DOCKET NUMBER: SJR 4727;DH410016-RO;DH 410026-RO
STATE OF NEW YORK
DIVISION OF HOUSING AND COMMUNITY RENEWAL
OFFICE OF RENT ADMINISTRATION
92-31 UNION HALL STREET
JAMAICA, NEW YORK 11433
IN THE MATTER OF THE ADMINISTRATIVE : ADMINISTRATIVE REVIEW
APPEAL OF DOCKET NO.:SJR 4727;DH 410016-RO
: DH 410026-RO
DRO DOCKET NUMBER: BK 410004-AD
HERBERT KASHIAN PETITIONER :
ORDER AND OPINION DENYING PETITIONS FOR ADMINISTRATIVE REVIEW
AND MODIFYING ORDERS OF RENT ADMINISTRATOR
On August 8, 1989 the abovenamed petitioner owner filed Petitions for
Administrative Review against orders issued on July 6, 1989 by the Rent
Administrator concerning the housing accommodations known as 244 West 12th
Street, Apartments 1 & 2, Lower Manhattan.

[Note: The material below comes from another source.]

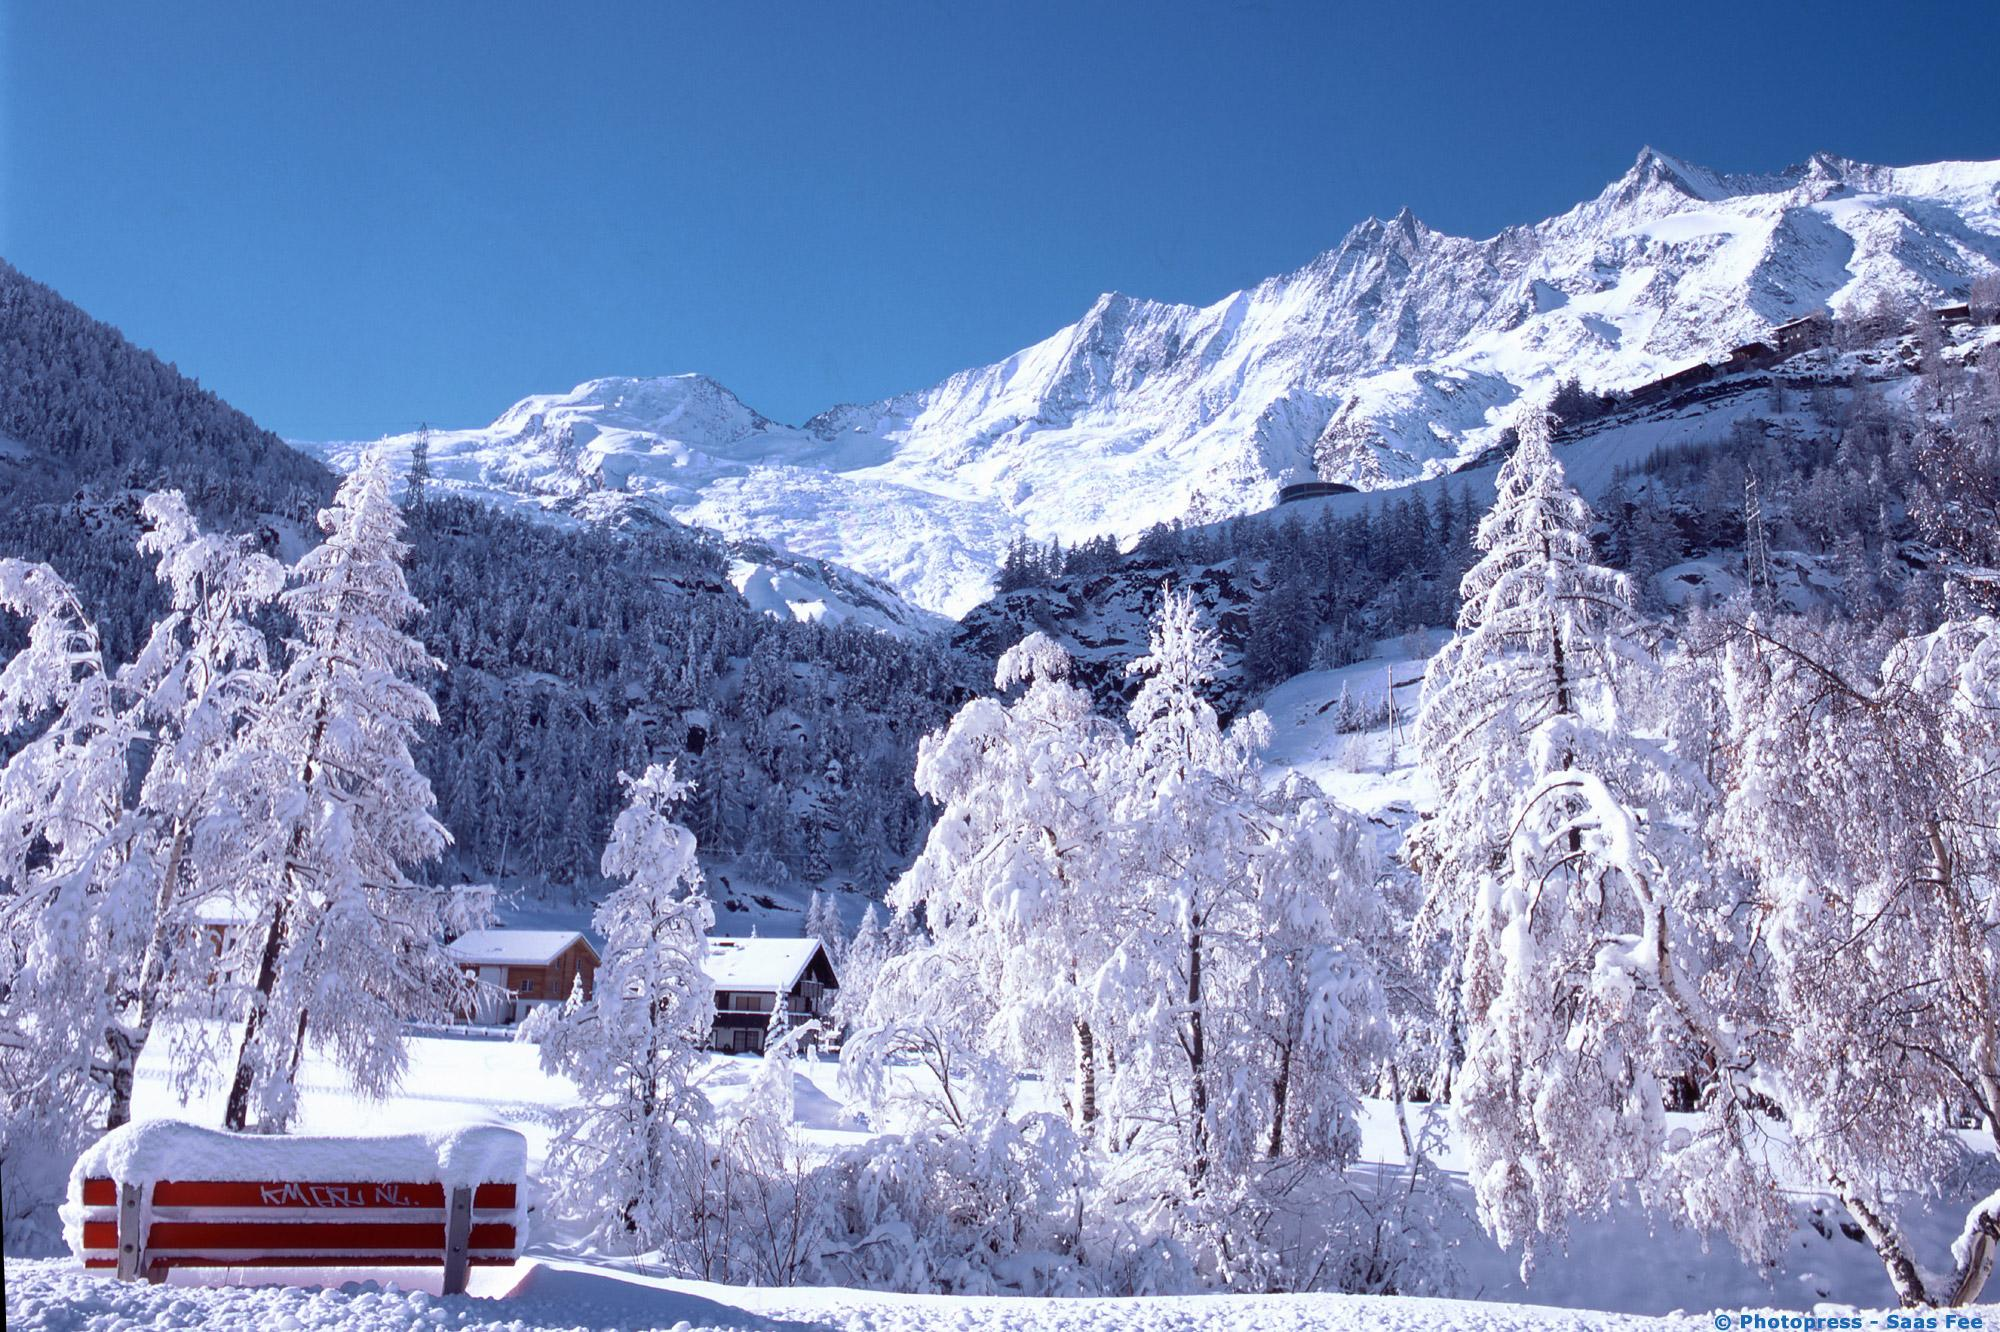 Горнолыжные курорты Швейцарии, отзывы, отели, Церматт, Вербье, Кран-Монтана, Саас-Фе, Давос, Санкт-Мориц

The owner subsequently instituted a Article 78 proceeding based on a
"deemed denial" of the petitions and the matter was remitted by the court.

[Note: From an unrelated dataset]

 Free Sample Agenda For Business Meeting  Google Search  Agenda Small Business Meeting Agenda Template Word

The Commissioner deems it appropriate to consolidate the petitions for
The issue herein is whether the apartments qualify for decontrol pursuant
to 9 NYCRR 2100.9(e) (formerly Section 9(5) of the State Housing Rent
Regulations) because they were created by the conversion of prior rooming
house accommodations after February 1, 1947 and before May 1, 1950.

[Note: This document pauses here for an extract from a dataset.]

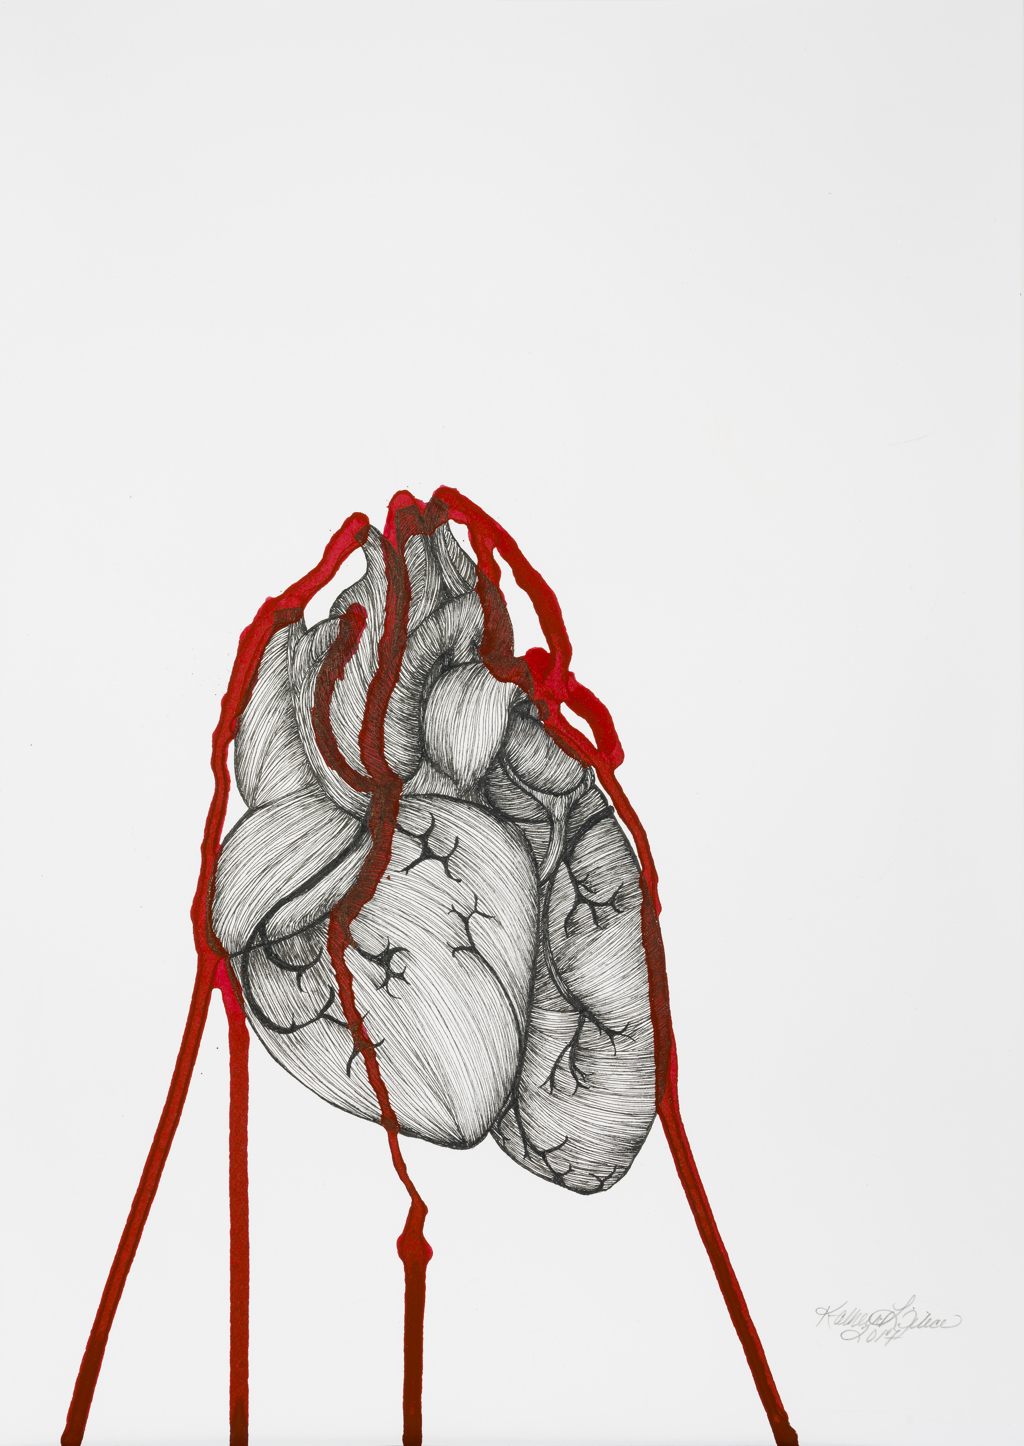 Heartbeat by Katherine Filice

If the conversion occurred before February 1, 1947 they became, and
remain, part of the rent controlled housing stock.
If it occurred after February 1, 1947 but before May 1, 1950 decontrol (if
warranted at all in this case for reasons discussed more full infra)
attached by operation of law without the necessity for any orders.
If it occurred after May 1, 1950 but before April 30, 1962 decontrol
(subject to the above caveat) requires the issuance of orders and there
are requirements as to minimum floor area and other items pursuant to 9
NYCRR 2200.2f(10) & 2200.9 (formerly Section 2f(10) and Section 9 of the
Rent and Eviction Regulations for New York City).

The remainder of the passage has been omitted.